For better visibility, you can annotate your function with a decorator (@task).

For better visibility, you can annotate your function with a decorator (@task). The following example shows a Python function. Decorators for Java and Scala functions are also supported.
from dbnd import task
import pandas as pd

@task
def user_function(pandas_df: pd.DataFrame, counter: int, random: int):
    return "OK"

For certain objects that are passed to your functions, such as Pandas DataFrames and Spark DataFrames, Databand automatically collects stats and schema information. This automation makes it simpler to track data lineage and report on data quality issues.

To enable implicit tracking, set the environment variable DBND__TRACKING to True. This parameter enables tracking regardless of whether the dbnd_tracking() context is applied.

export DBND__TRACKING=True

For more information, see Context configuration.

Customizing task names by using @task decorator

With @task decorators, you can also customize the name of the Python function. As a result, it is displayed in the Databand UI with the name you provided instead of the default one, from function definition.
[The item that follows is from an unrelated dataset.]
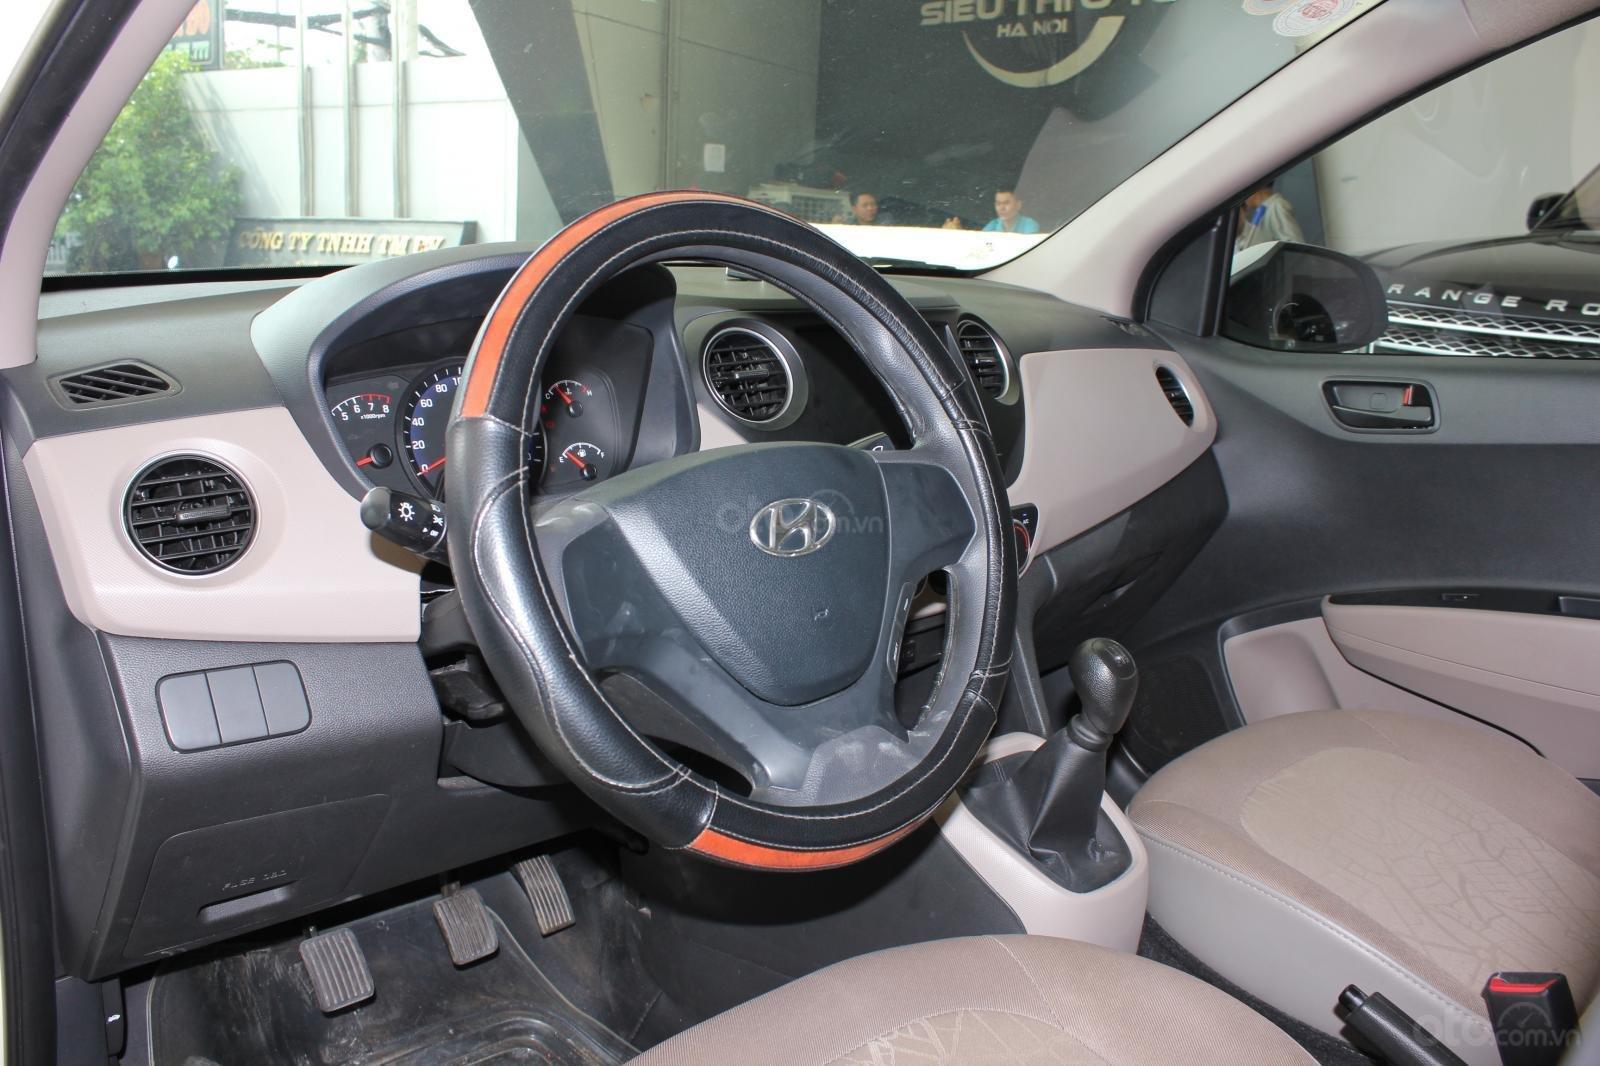 Cần bán xe Hyundai Grand i10 1.2 MT, năm 2018, màu trắng, giá 335tr (8)

To do so, you need to define the task_family parameter.

Look at the following code snippet that uses the @task decorator with the task_family parameter. The name of the function in this example is "my_custom_name":

from dbnd import task

@task(task_family="my_custom_name")
def user_function():
    return "OK"

Tracking specific functions without changing the module code

To track functions from a module, you can use track_functions instead of decorating each function with @task.

In the following example, module1 contains f1 and f2 functions:

from module1 import f1,f2

from dbnd import track_functions
track_functions(f1, f2)

track_functions uses functions as arguments and automatically decorates them so that you can track any function without changing your existing function code or manually adding decorators.

Tracking all functions from a specific module

Use track_module_functions to track all functions within a named module. For instance, module2.pyfrom the previous example would look like this:

import module1
from dbnd import track_module_functions

track_module_functions(module1)

Tracking all functions from multiple modules

To track all functions from multiple modules, you can use track_modules, which receives modules as arguments and tracks all functions that are contained within those modules. Look at the following examples:

from dbnd import track_modules

import module1
import module2

track_modules(module1, module2)

Tracking external resources within a specific task

If the value that you want to track is a URL, you can use set_external_resource_urls, which logs the URL in the specific task context. The set_external_resource_urls(links:dict) function accepts one parameter with a dictionary of {"key": "URL"}.

from dbnd._core.tracking.commands import set_external_resource_urls

set_external_resource_urls(
            {"my_resource": "http://some_resource_name.com/path/to/resource/123456789"}
        )